### Activity
The reply must consist of the complete listing, reproduced exactly, with no images included.

### Provided material

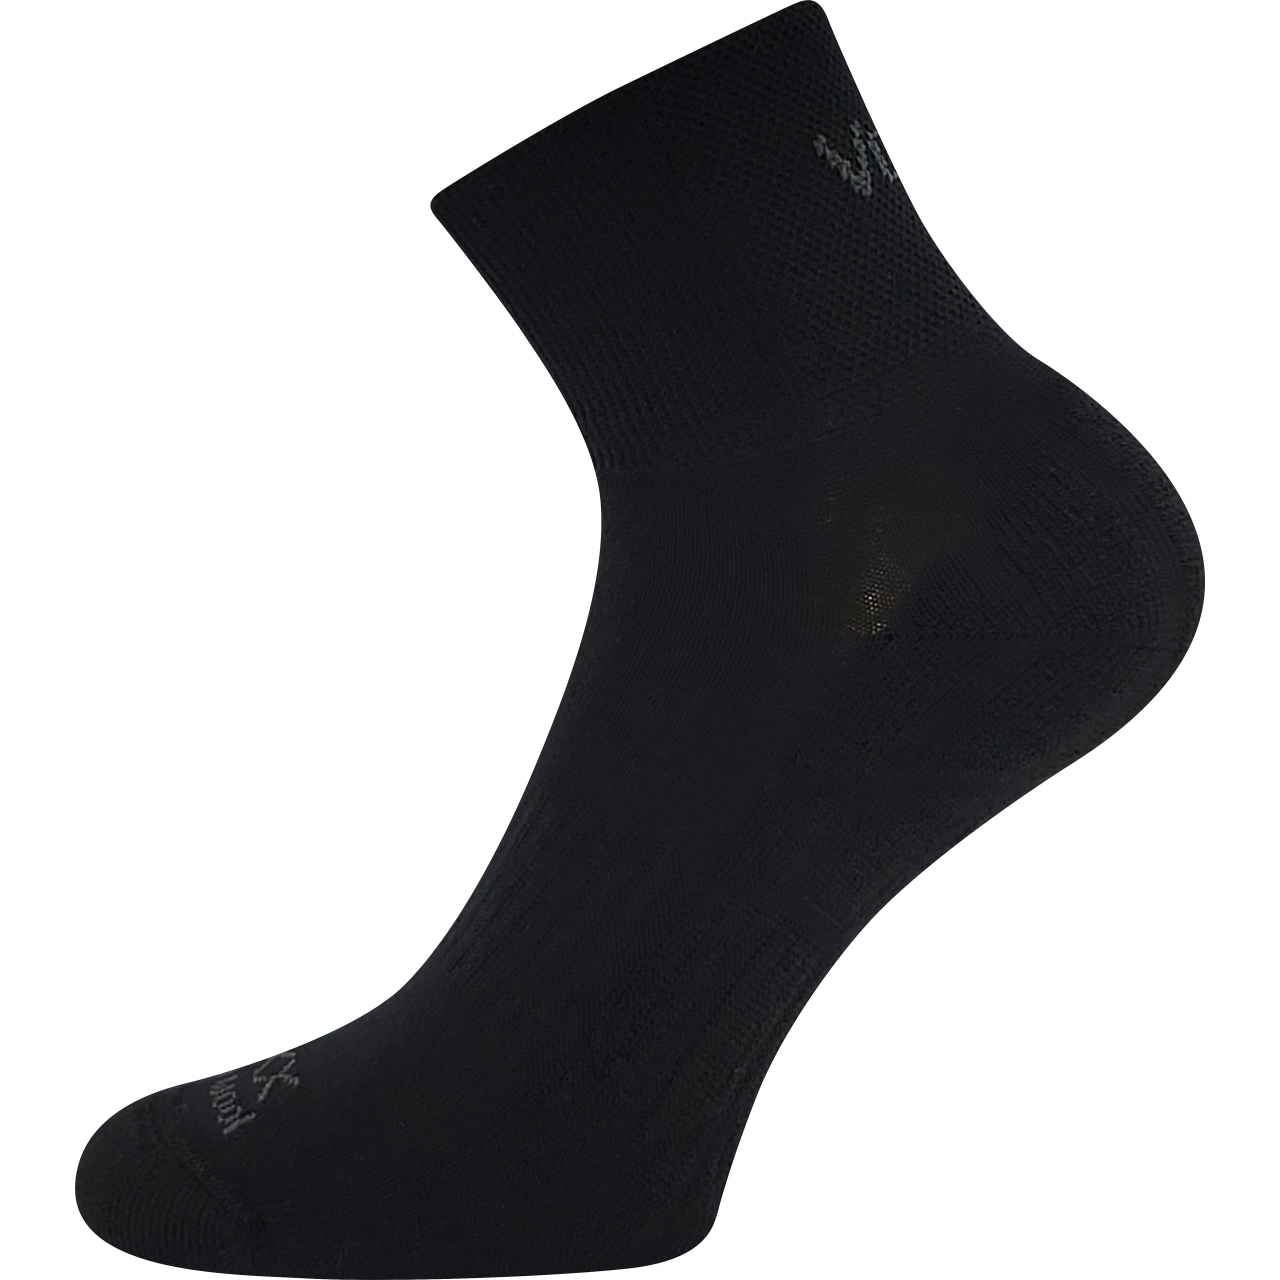 Ponožky unisex sportovní Voxx Twarix short - černé, 43-46
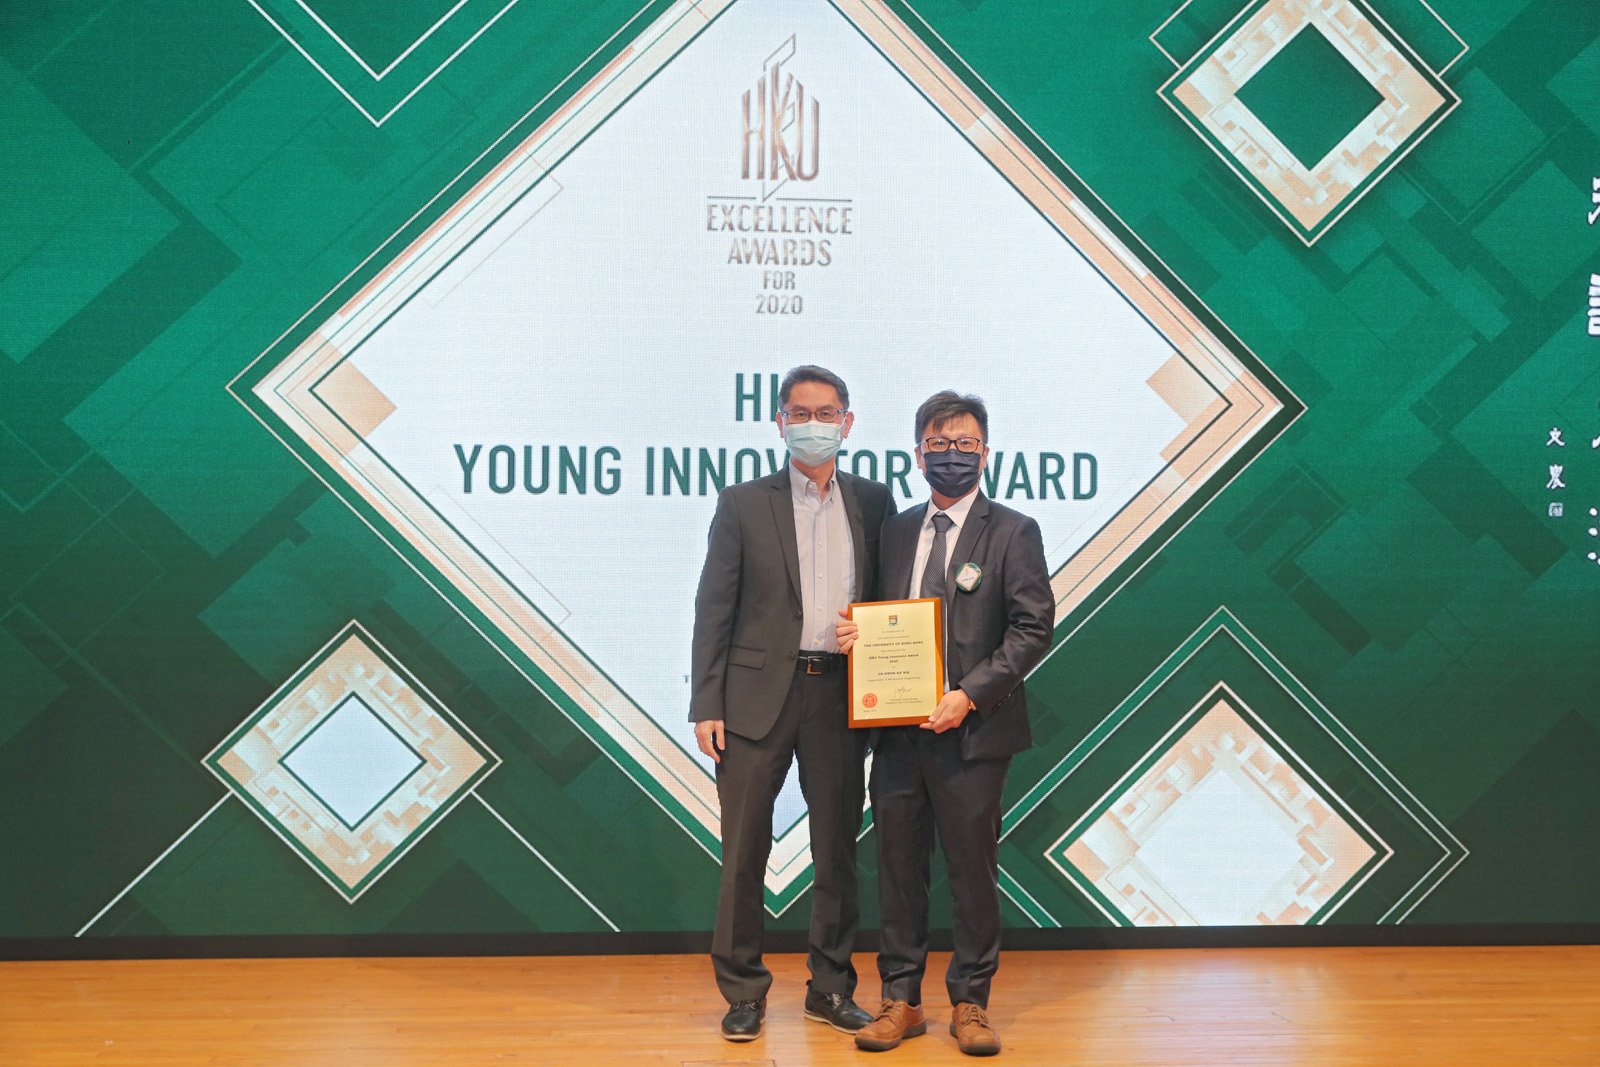 HKU Young Innovator Award 2020
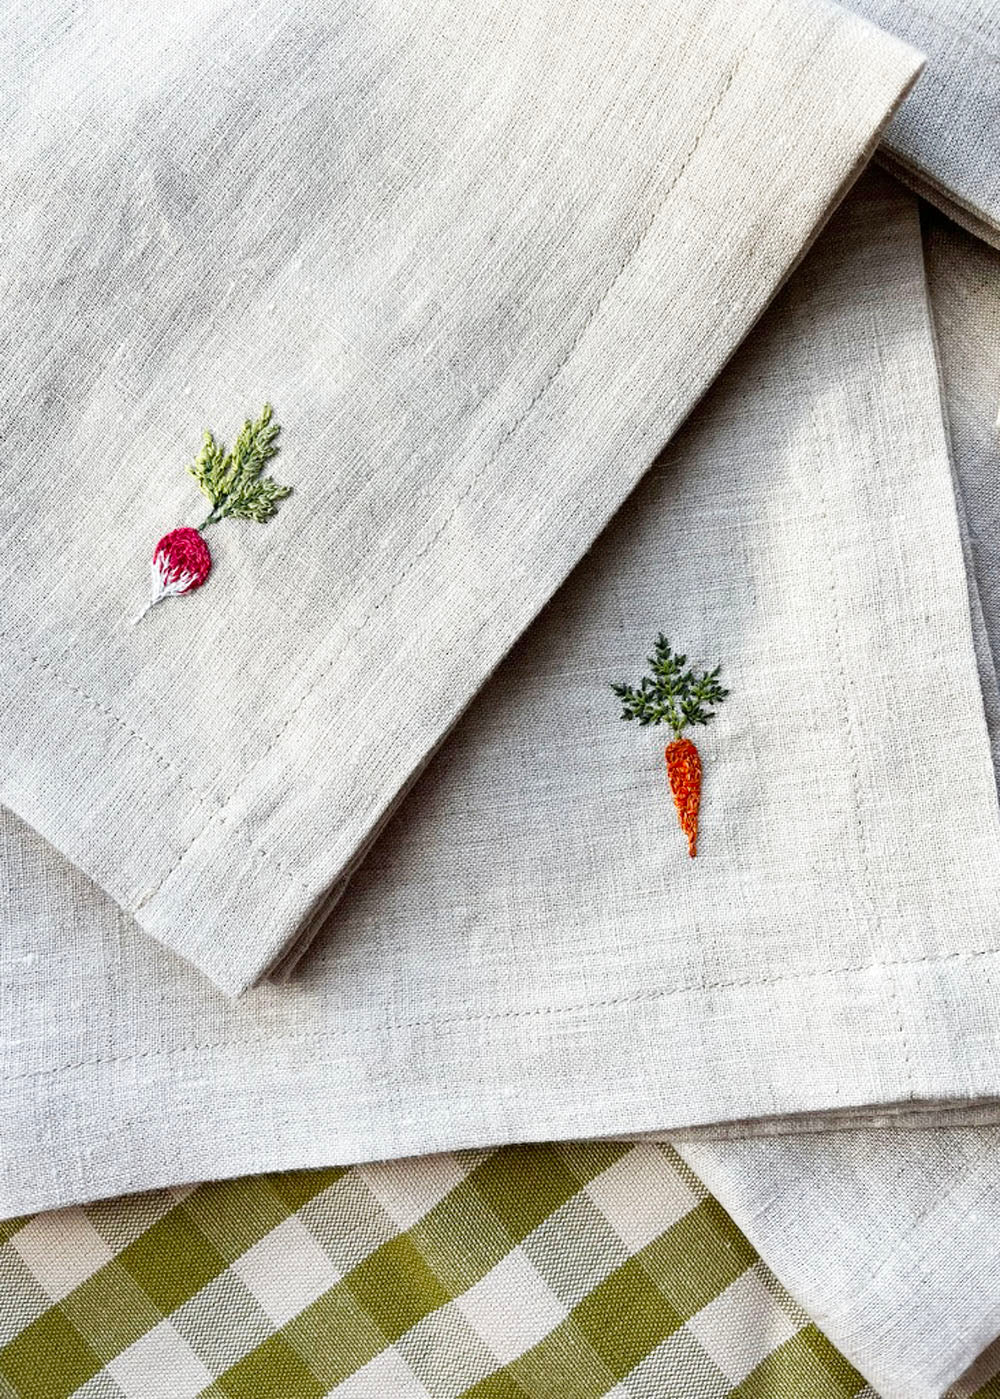 Vegetable garden linen napkin set of 2

### Solution
 Ponožky unisex sportovní Voxx Twarix short - černé, 43-46
 HKU Young Innovator Award 2020
 Vegetable garden linen napkin set of 2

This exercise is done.